Bug#174982: [PROPOSAL]: Debian changelogs should be UTF-8 encoded
Support for Unicode, and specifically UTF-8, is steadily increasing
among popular applications in Debian. For example, in unstable, GNOME 2
has excellent support (almost level 2) in almost all its applications;
the big remaining one is gnome-terminal, of which one requires
development versions in order to support UTF-8 (available in Debian
experimental now if you want to play). I think that by the time sarge
is released, UTF-8 support will start to hit critical mass.

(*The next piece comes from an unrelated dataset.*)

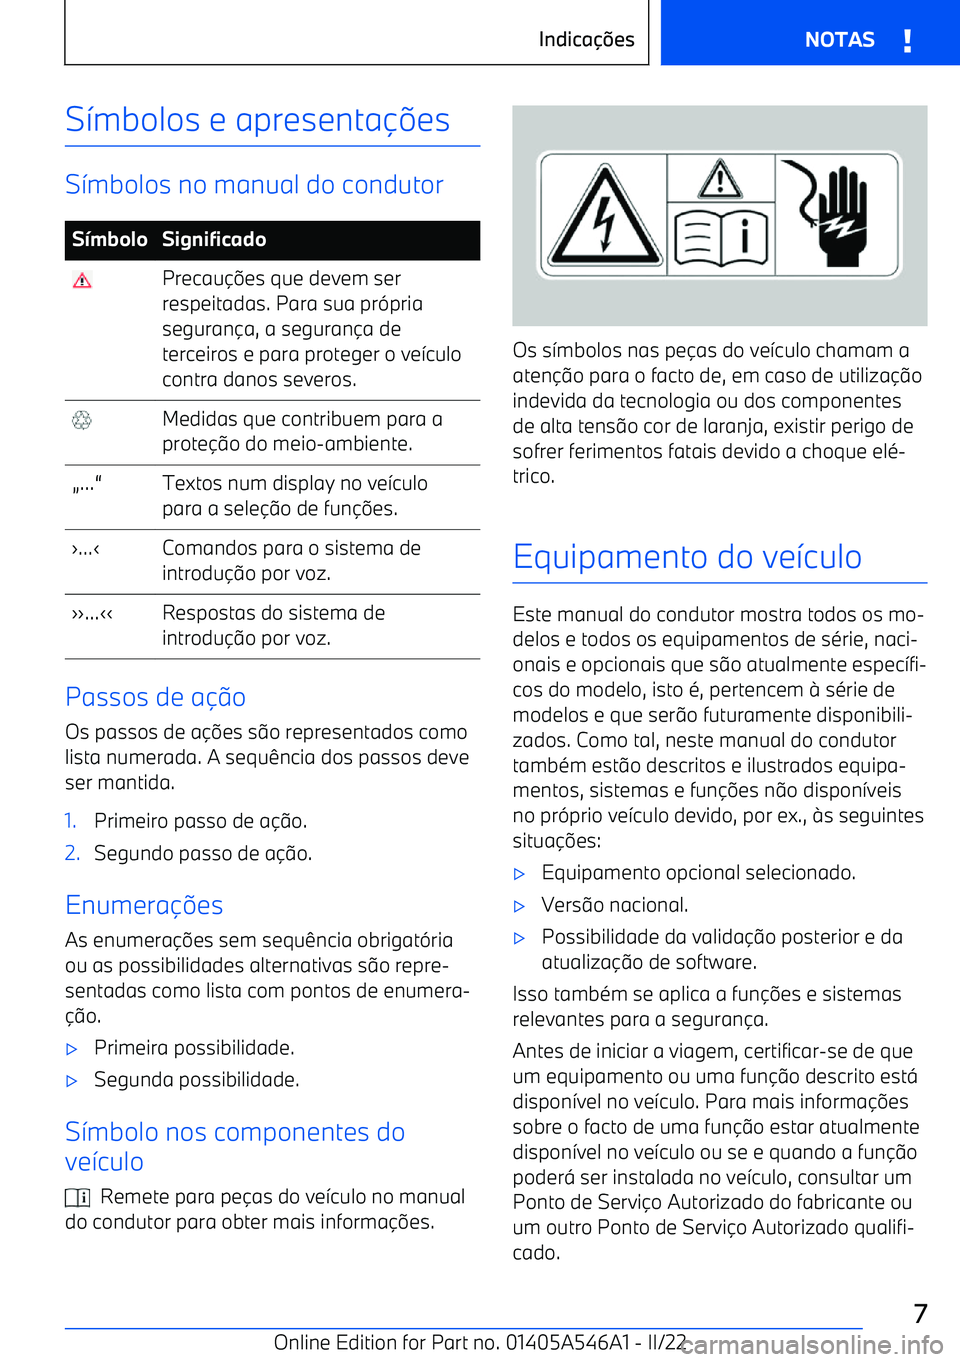 BMW I4 2022  Manual do condutor (in Portuguese) S
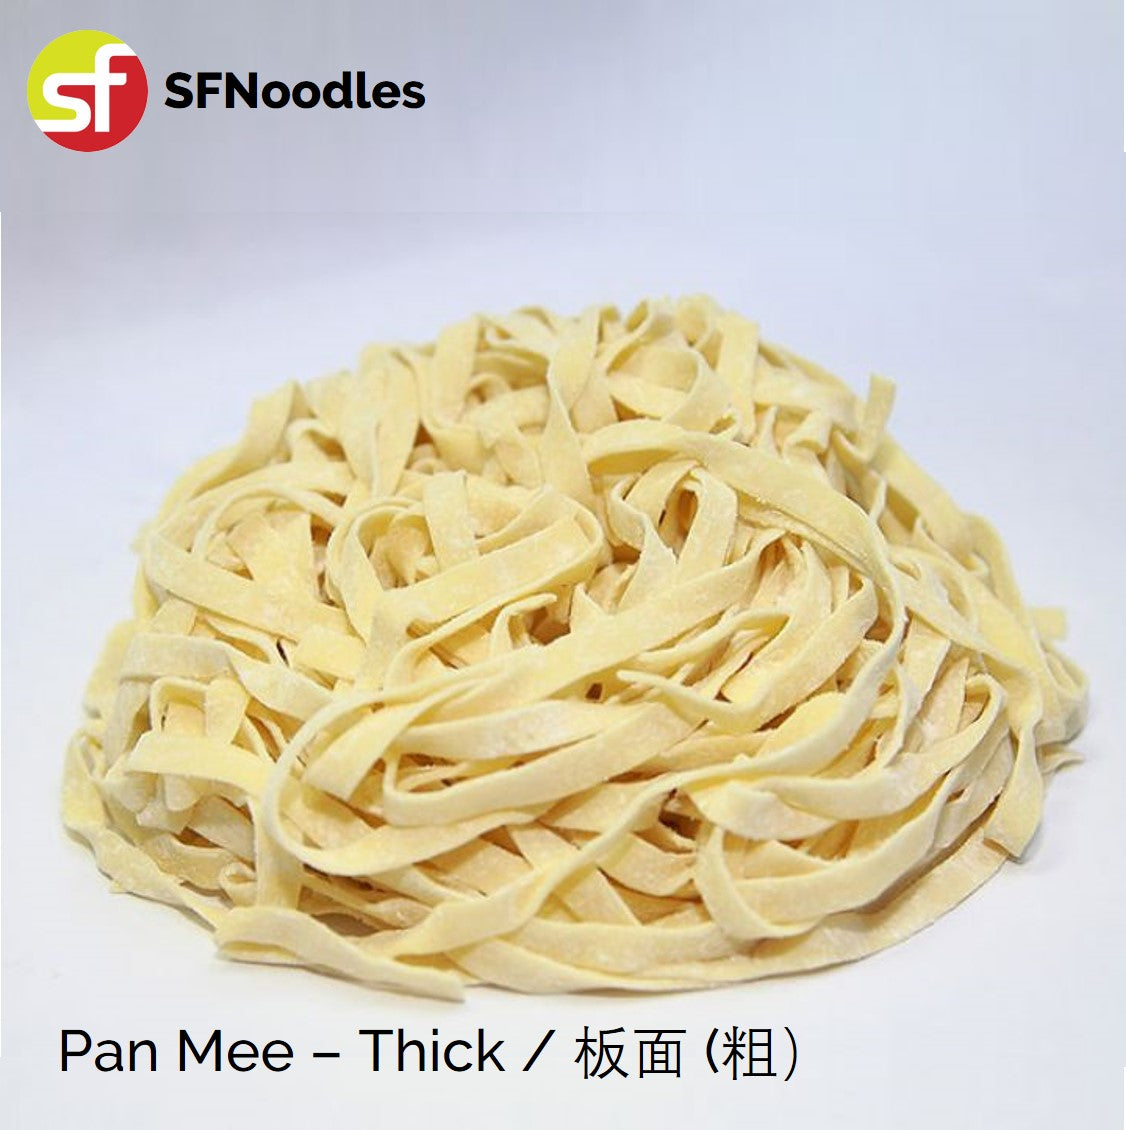 Pan Mee - Thick / Thin (Mee Hoon Kueh, 板面, 面粉粿)

I think it is fairly obvious that we need to eventually transition to
UTF-8 for our package infrastructure; it is really the only sane charset
in an international environment. Now, we can't switch to using UTF-8
for package control fields and the like until dpkg has better support,
but one thing we can start doing today is requiring that Debian
changelogs are UTF-8 encoded.
Right now, people are putting whatever random characters they feel like
in Debian changelogs; they might be encoded in ISO-8859-1, BIG5,
ISO-8859-2, ISO-2022-JP, or who knows what. This does come up in the
real world; I use apt-listchanges, and I fairly often see broken
characters in changelogs. The solution is to define the charset of
changelogs as UTF-8. That way, I can read all the changelogs at once
(currently using gnome-terminal) and it will work.
This proposal is a fairly important yet easy to take first step along
the way of transitioning all of Debian to UTF-8.
Attached is a patch against the latest version of policy.
--- policy.sgml~ 2002-11-15 01:49:40.000000000 -0500
+++ policy.sgml 2003-01-01 21:59:26.000000000 -0500
@@ -2257,6 +2257,13 @@
separated by exactly two spaces.
+ The entire changelog must be encoded in the
+ <url id="http://www.cis.ohio-state.edu/cgi-bin/rfc/rfc2279.html" name="UTF-8">
+ encoding of
+ <url id="http://www.unicode.org/" name="Unicode">.
<sect1><heading>Defining alternative changelog formats</heading>